Presented at the Gartner Security & Risk Management Summit in June 2026, this analysis highlights a structural blind spot in enterprise AI security programmes: threat actors do not need to attack AI models directly when the legacy infrastructure those models depend on remains poorly secured. As AI agent adoption accelerates — 71% of organisations piloting agents, 31% already in production — security investment is concentrating on model-layer threats such as prompt injection and data leakage, leaving the underlying infrastructure attack surface largely unaddressed.

Technical Analysis

AI agents in typical enterprise deployments authenticate through existing identity providers (e.g. Active Directory, cloud IAM), read and write to existing cloud storage (S3 buckets), execute business logic through existing serverless functions (AWS Lambda), and integrate with SaaS platforms via stored credentials. None of these dependencies were designed with autonomous agent behaviour in mind; they carry whatever security debt existed before the agent was deployed.

The attack path is straightforward: an adversary exploits an unpatched CVE in a legacy server, recovers cached developer credentials, or abuses a misconfigured Active Directory permission. From that foothold, they inherit the agent’s effective permissions — access to knowledge bases, cloud storage, SaaS integrations, and connected APIs — without ever interacting with the model itself. The article illustrates this with a concrete scenario: a Co-Pilot hosted on AWS Bedrock, querying Salesforce-exported data from S3 via Lambda, where a single unpatched 2025 CVE on a developer machine is sufficient to pivot into the entire agent ecosystem.

Compounding the risk, 70% of organisations reportedly grant AI systems broader access than a human in an equivalent role. Organisations with over-privileged AI reported a 76% incident rate versus 17% for those enforcing least privilege — a stark delta that quantifies the cost of excessive agency.

Framework Mapping

  • AML.T0012 (Valid Accounts): Attackers abuse legitimate inherited credentials rather than cracking the model.
  • AML.T0047 (ML-Enabled Product or Service): The deployed Co-Pilot is the target surface, exploited indirectly.
  • AML.T0057 (LLM Data Leakage): Agent access to customer data in S3 becomes exfiltration-ready once credentials are compromised.
  • LLM08 (Excessive Agency): Over-provisioned IAM roles give agents — and therefore attackers — far more capability than intended.
  • LLM05 (Supply Chain Vulnerabilities): Legacy dependencies (Lambda, IAM, Active Directory) represent the supply chain beneath the AI layer.

Impact Assessment

Any enterprise running AI agents that inherit permissions from pre-existing IAM roles, service accounts, or credential stores is exposed.

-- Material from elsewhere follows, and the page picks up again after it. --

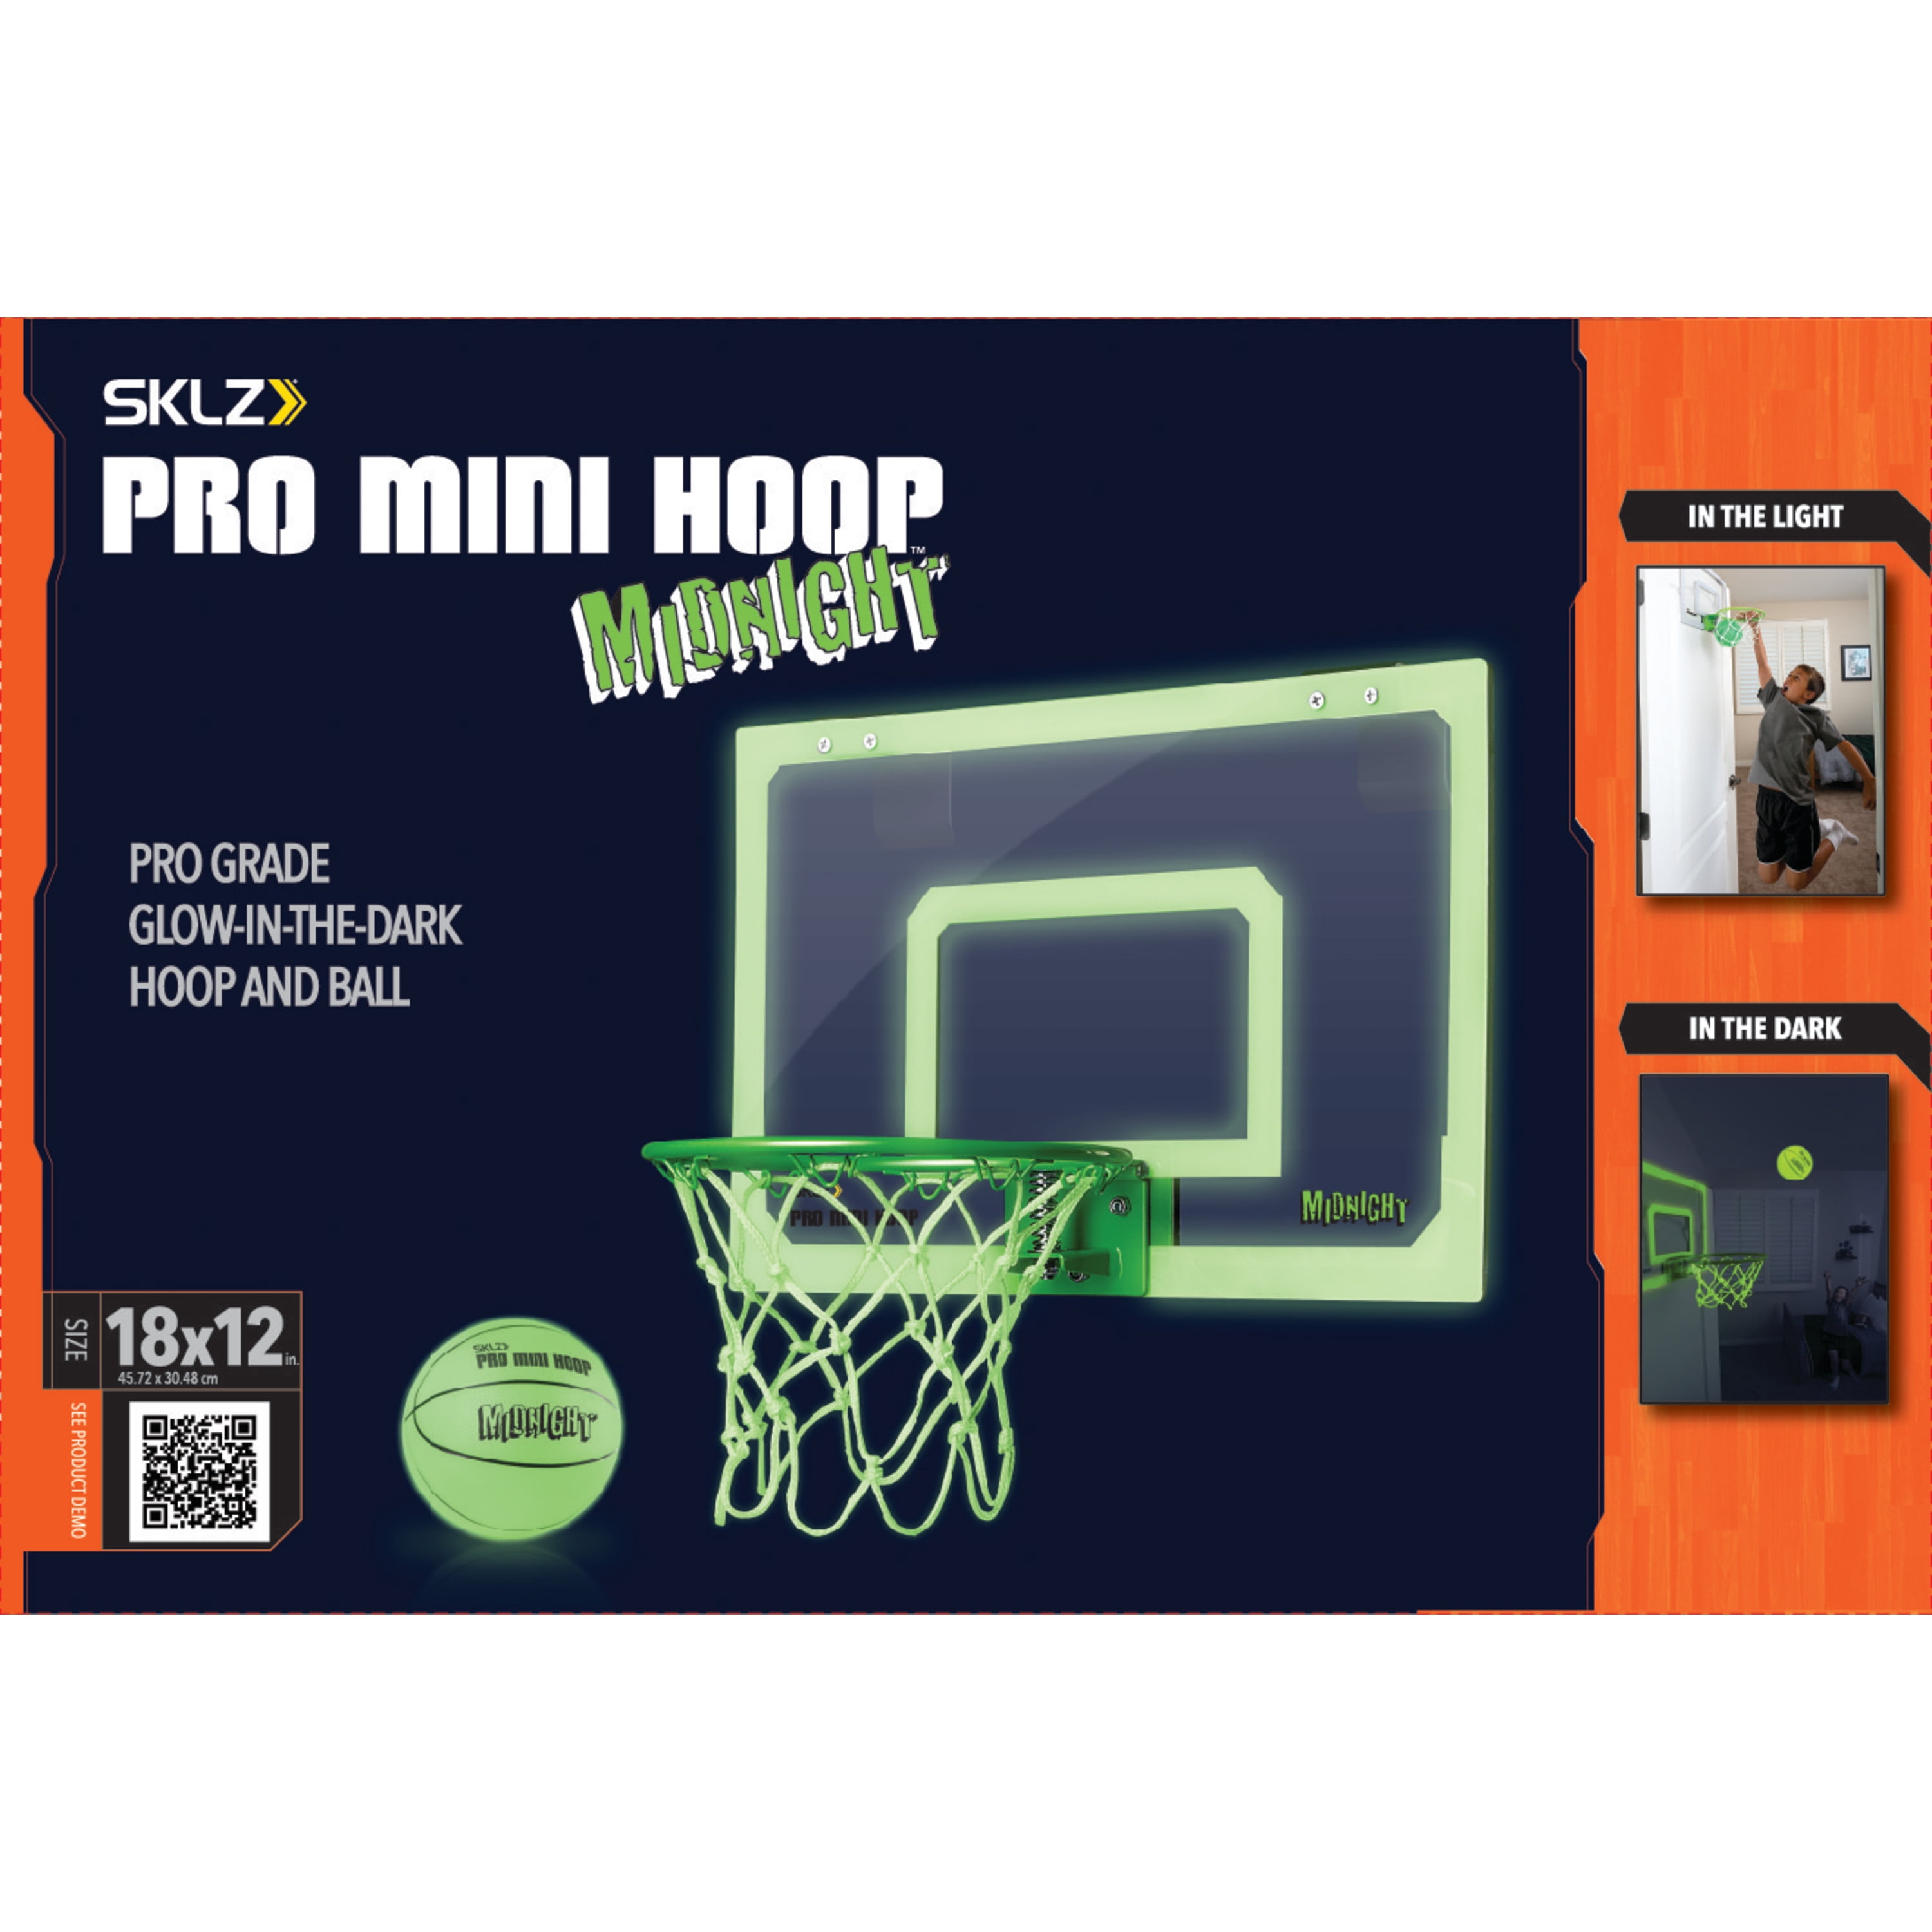 SKLZ Pro Mini Hoop MIDNIGHT

The risk is highest where AI agents have read/write access to production data stores, SaaS platforms, or financial systems. The 76% incident rate cited for over-privileged AI deployments suggests this is not a theoretical concern — organisations are already experiencing consequences.

Mitigation & Recommendations

  1. Enforce least privilege for AI identities: Audit every IAM role, service account, and API key assigned to or inherited by AI agents. Revoke permissions not explicitly required.
  2. Patch legacy infrastructure before expanding AI access: Treat AI agent deployment as a trigger for a full vulnerability scan of connected legacy systems.
  3. Isolate agent dependencies: Use dedicated S3 buckets, Lambda execution roles, and network segments for AI workloads rather than sharing with general-purpose infrastructure.
  4. Rotate and vault credentials: Remove cached or long-lived credentials from developer machines and CI/CD pipelines accessible to AI agent build chains.
  5. Continuous exposure mapping: Maintain an up-to-date map of everything an AI agent can reach and review it whenever infrastructure changes.